Exercise: For this exercise, write out the whole listing below exactly, omitting its images.

Data excerpt section start

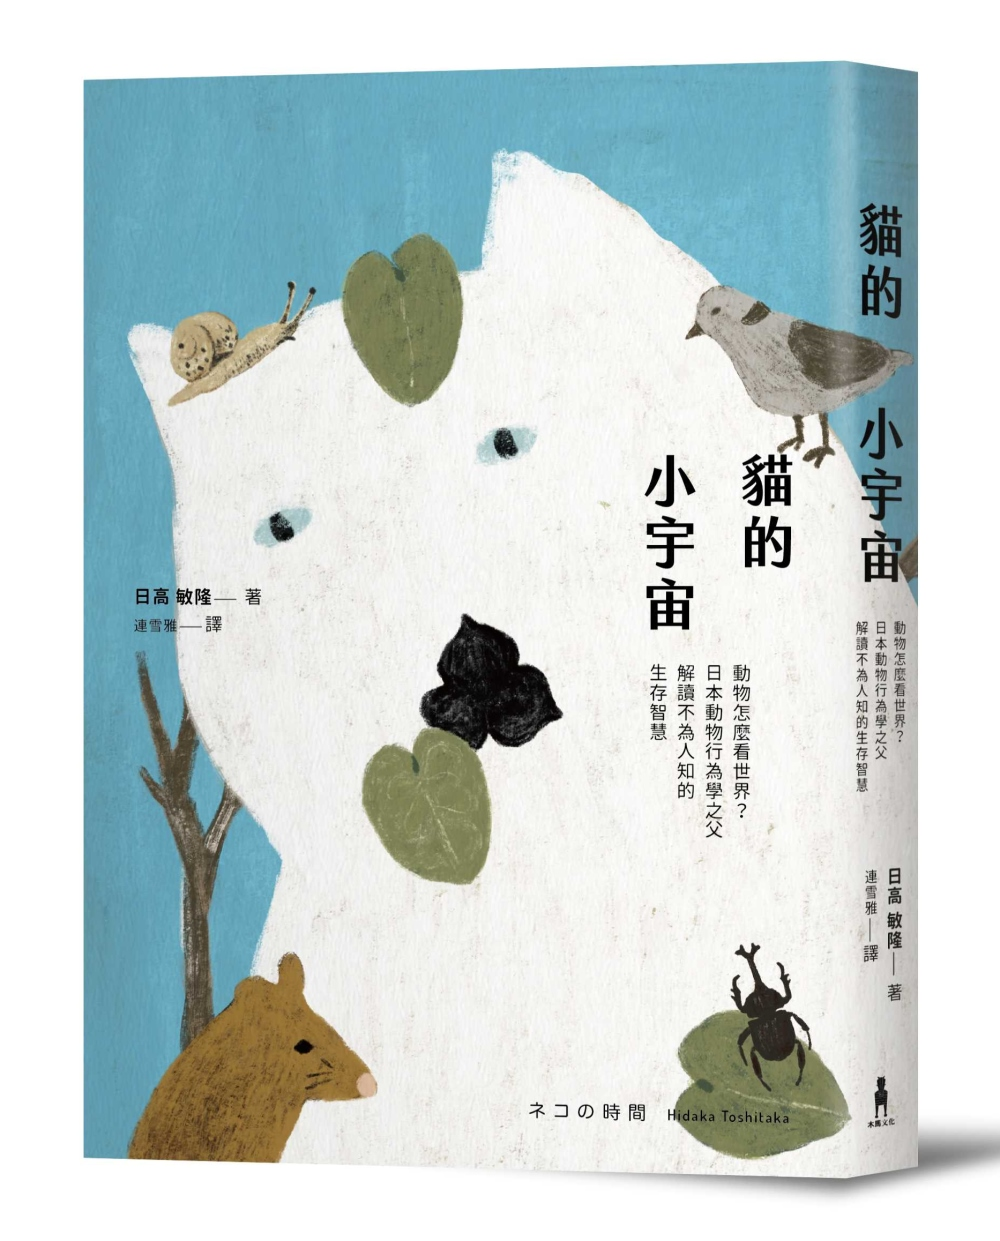 貓的小宇宙:動物怎麼看世界?日本動物行為學之父解讀不為人知的生存智慧
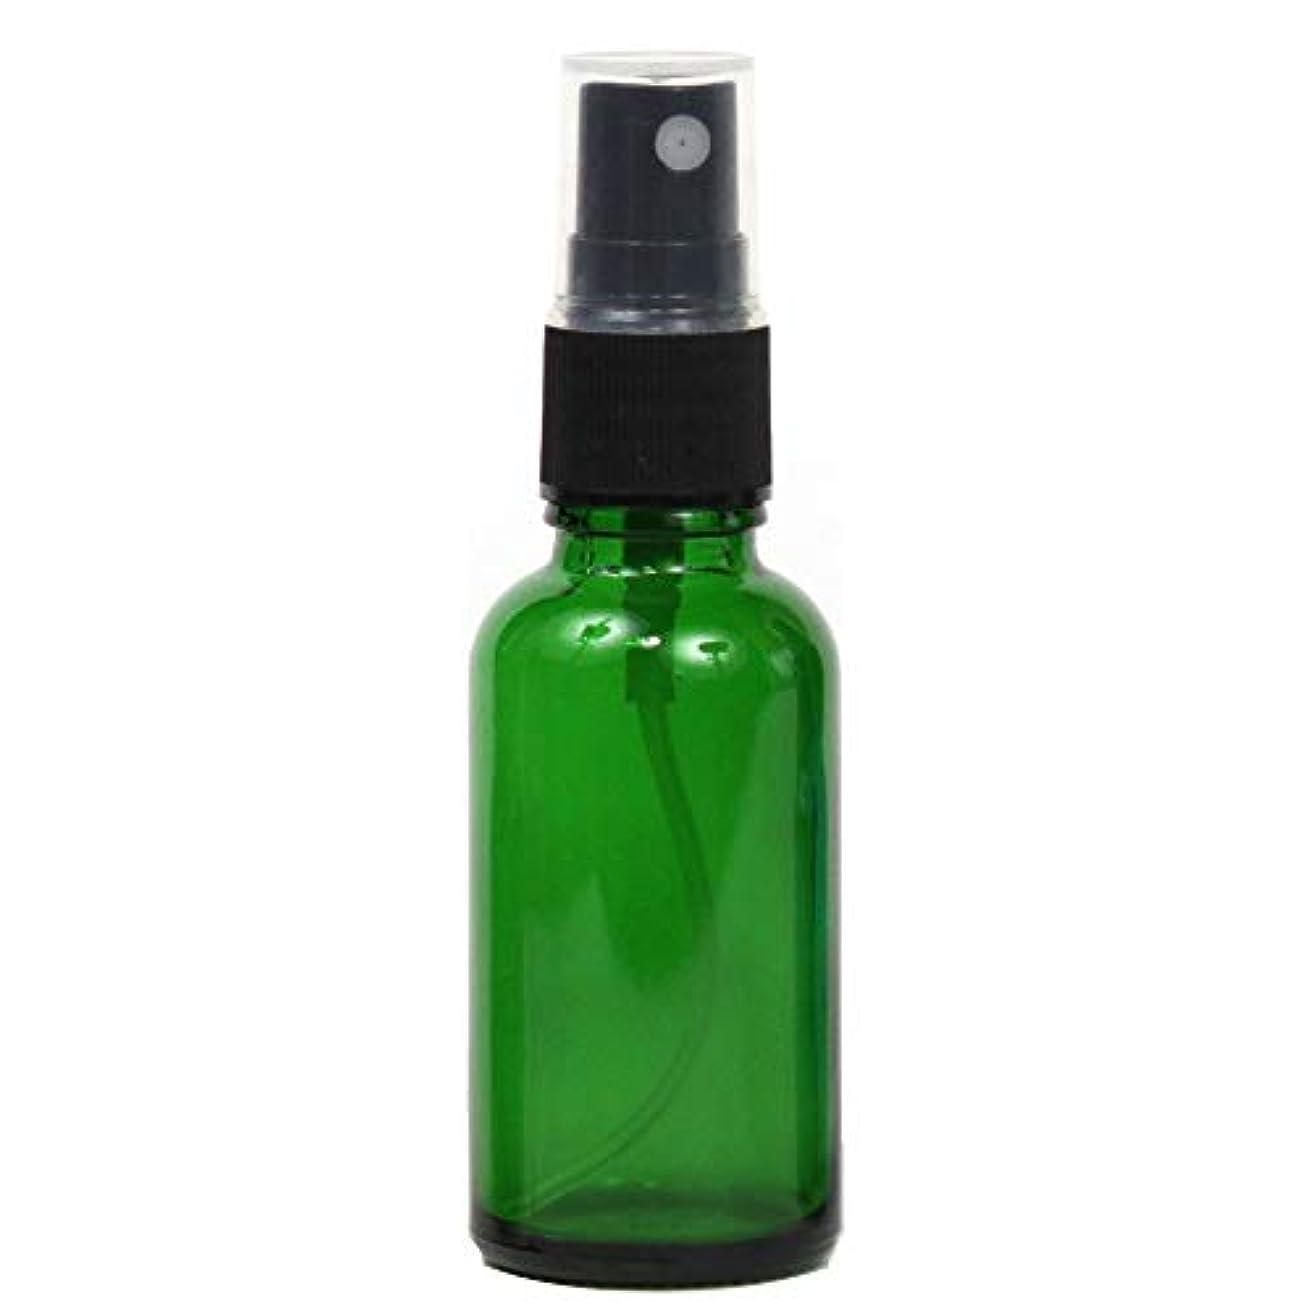 最近汗キラウエア山スプレーボトル 30mL ガラス遮光性グリーン 瓶 空容器 グリーン 4個
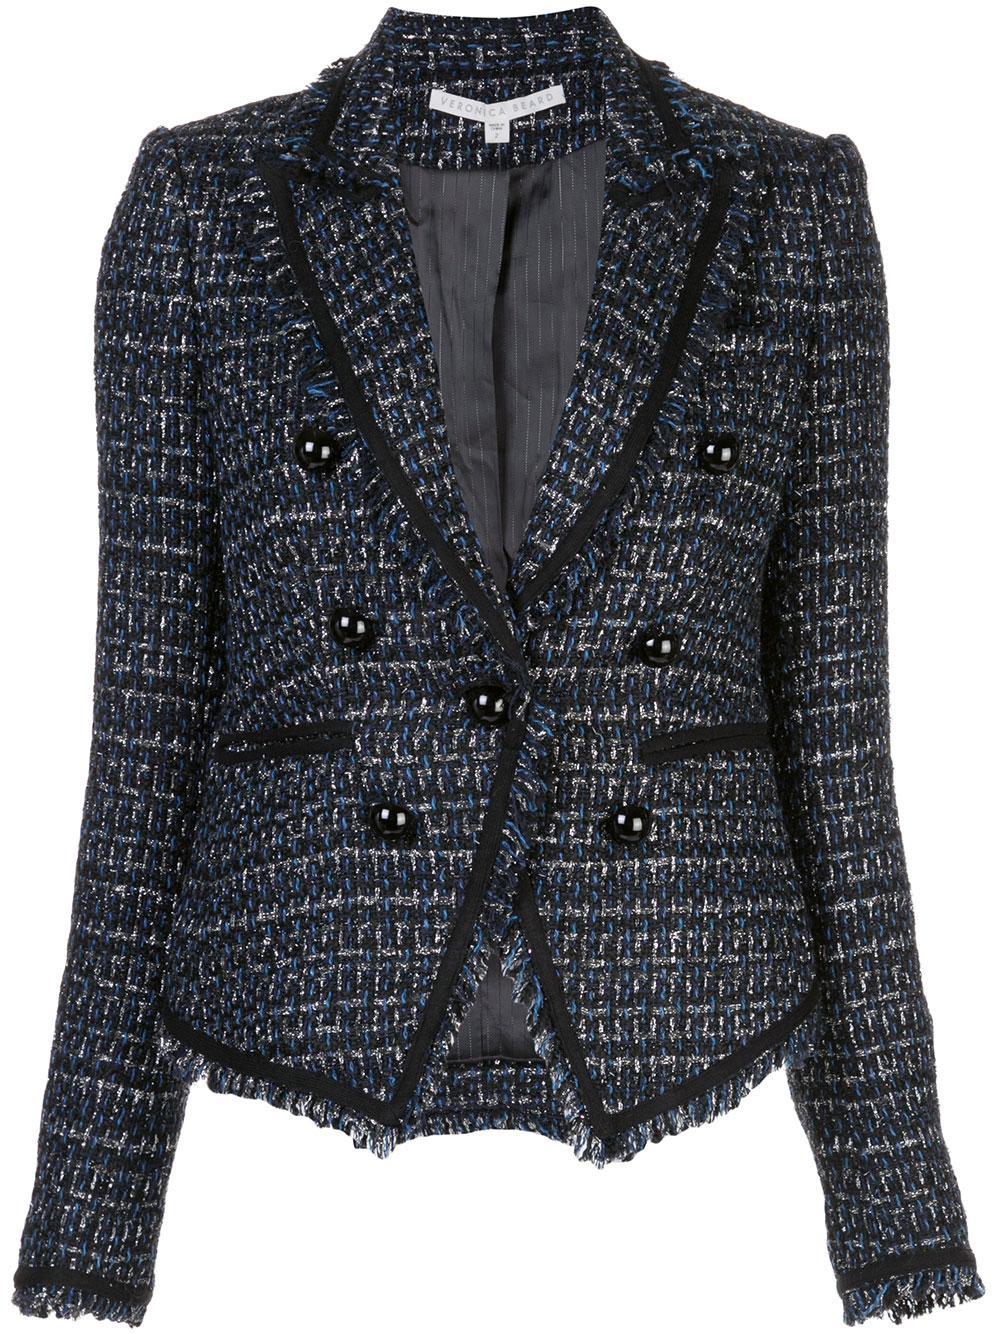 Cooke Tweed Dickey Jacket Item # 1910TW0201598

Data excerpt section end

Solution:
 貓的小宇宙:動物怎麼看世界?日本動物行為學之父解讀不為人知的生存智慧
 最近汗キラウエア山スプレーボトル 30mL ガラス遮光性グリーン 瓶 空容器 グリーン 4個
 Cooke Tweed Dickey Jacket Item # 1910TW0201598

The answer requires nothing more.